傍観者の独り言

団塊世代で、民間企業で「チンタラ・グウタラ」に過ごした人間の手前勝手な気儘な戯言・放言。

日本振興銀行:世に中、才覚だけでは通用しない・・・現場感覚の欠如!(追記)

2010-06-17 09:47:23 | ビジネス

竹中平蔵氏の尖兵であった木村剛氏が創業した日本振興銀行が、連日、新聞沙汰になっており、木村剛氏の今後に注目されていますね。
当方は、当初から日本振興銀行のビジネスモデルに懐疑的であり、創業から関与した平正明議員が日本振興銀行を「中小企業の味方」と喧伝しているのを見聞きし、世の中、才覚だけで美味しい商売などありえないと疑問を持っていました。

山崎 元氏が「現代ビジネス」に寄稿の『 「モラルハザード銀行」になった日本振興銀行』(「評論家はもういらない」と言い切った「秀才」 木村剛はなぜ転落したか)で、日本振興銀行が掲げた既存金融機関が距離を置いていた「ミドルリスク・ミドルリターン」のビジネスモデルに懐疑的であったし、

”「結局、振興銀行のほうが、彼ら(既存金融機関)よりも情報が豊富であるか、審査力があるといえる根拠がなければ、彼らのビジネスモデルは成立しない。
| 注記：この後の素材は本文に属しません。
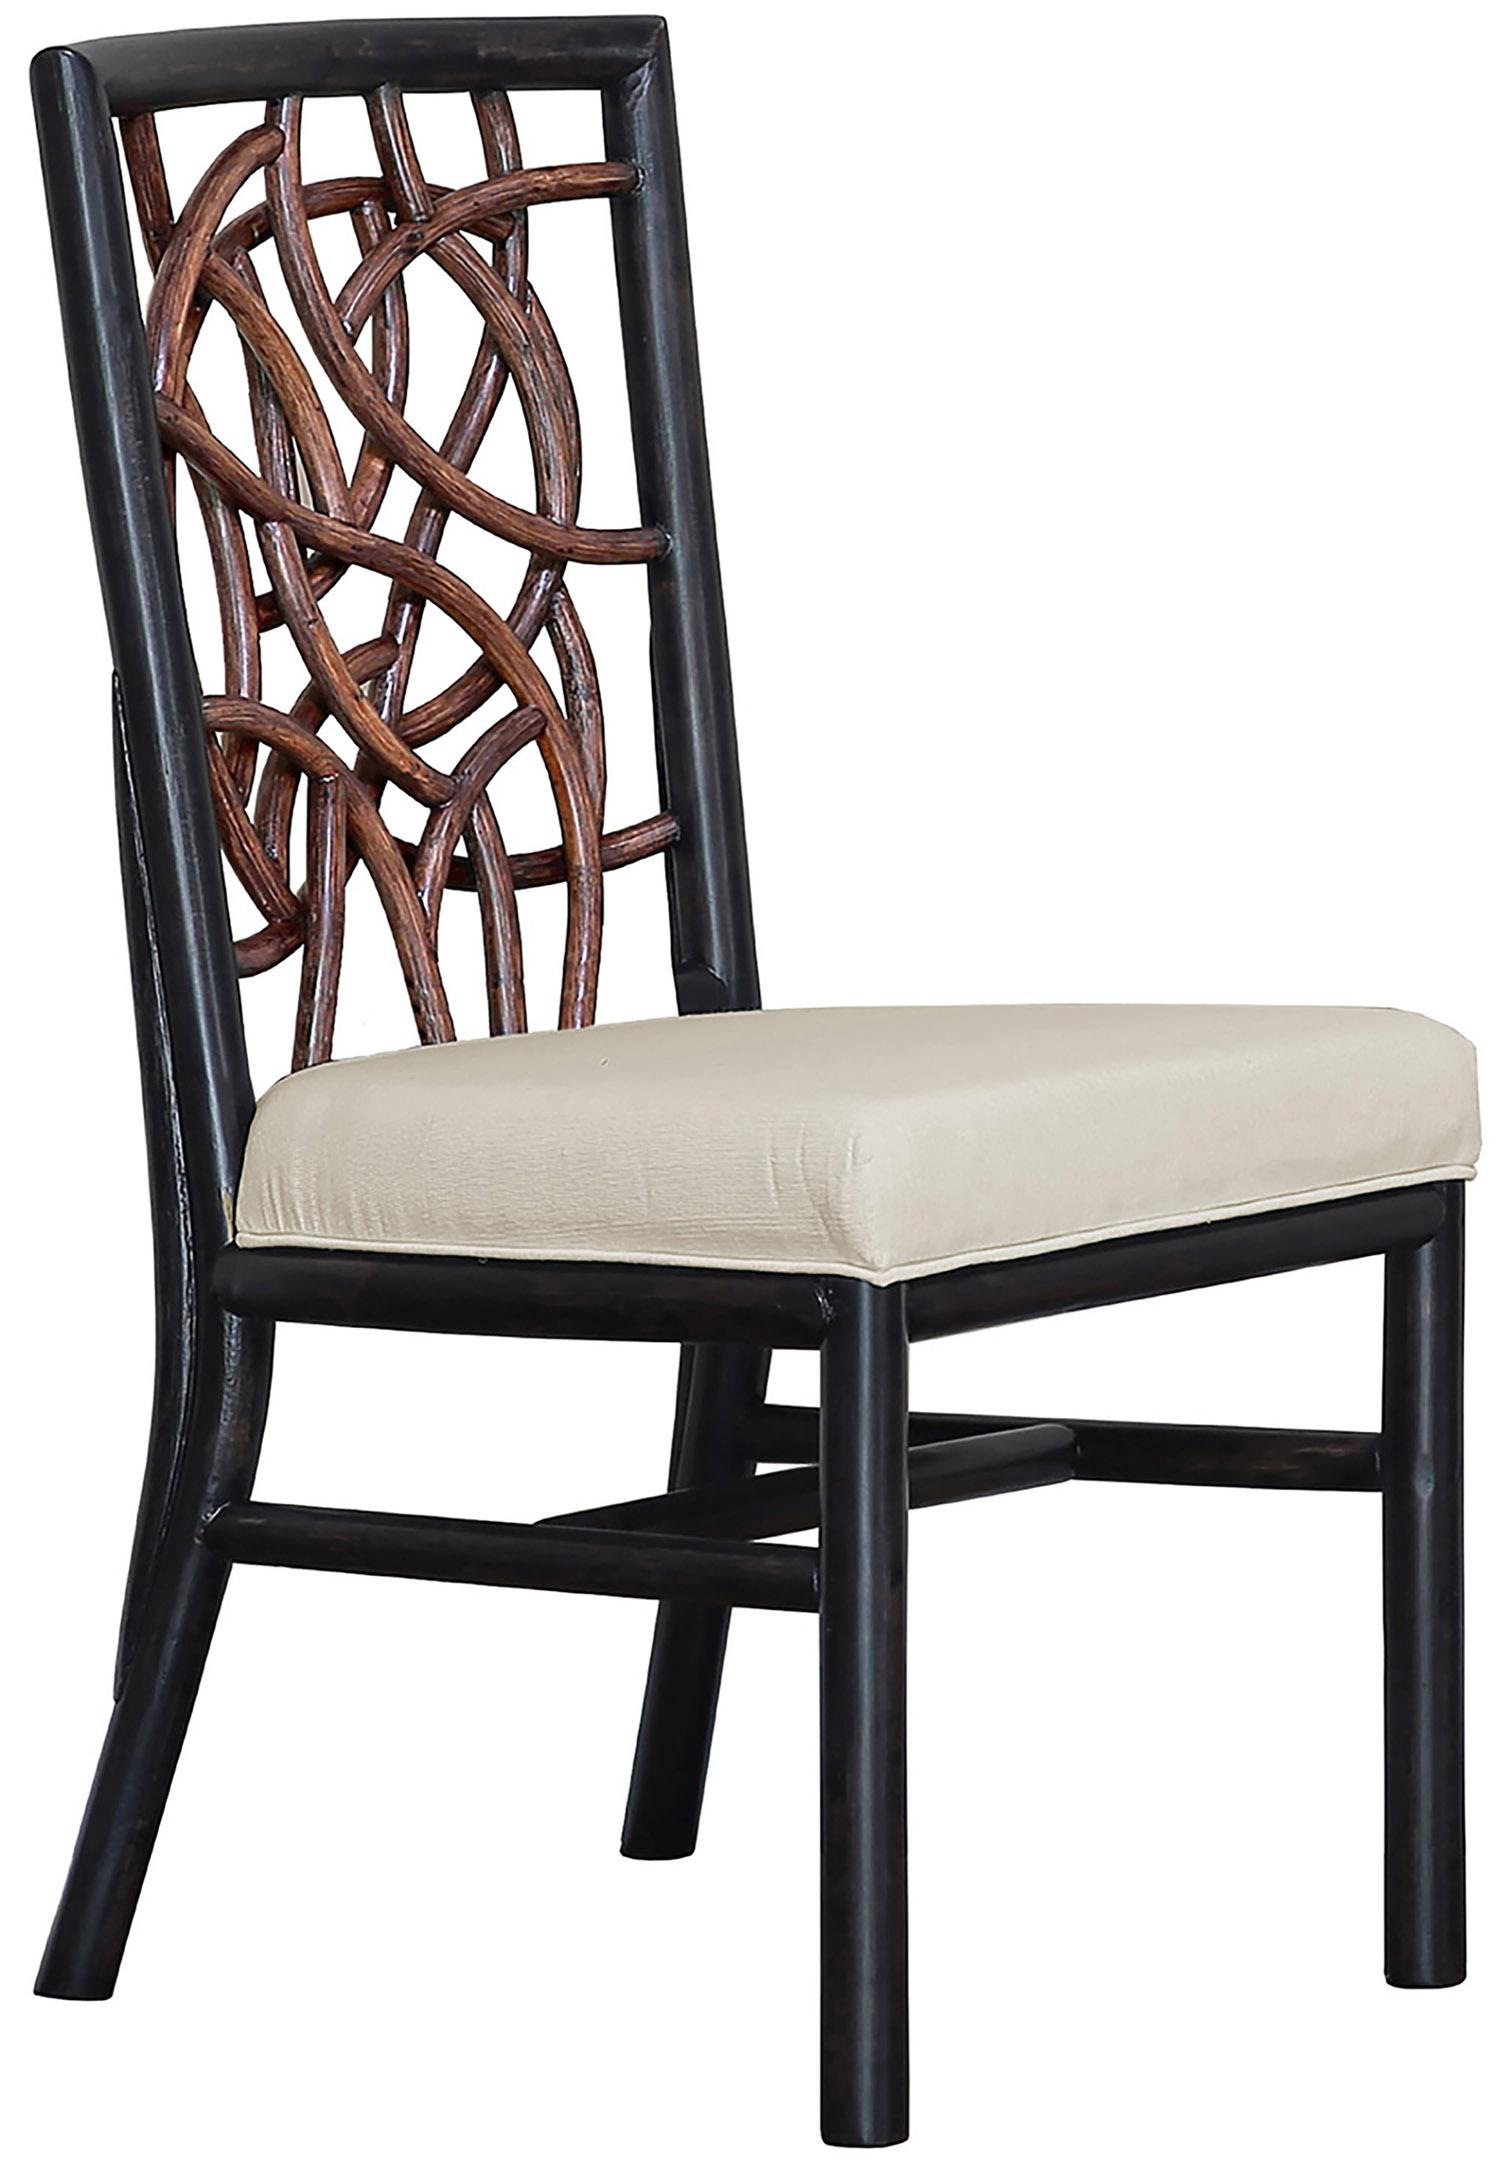 Classic Outdoor Side Chair Trinidad PJS-1401-BLK-SC in Black, Beige Fabric

新興勢力でもあり、情報の蓄積も乏しいはずの振興銀行で、この分野の勝負に乗り出すことは無謀だったのではないか。

「中小企業向けの『少し高利』の融資」が上手く行かないのは、一足先に行き詰まった新銀行東京の例を見ても分かる。日本郵政の資金運用を論ずる際にも、「中小企業向けの融資」という言葉が出て来やすいが、これは非現実的な暴論だということが分かる。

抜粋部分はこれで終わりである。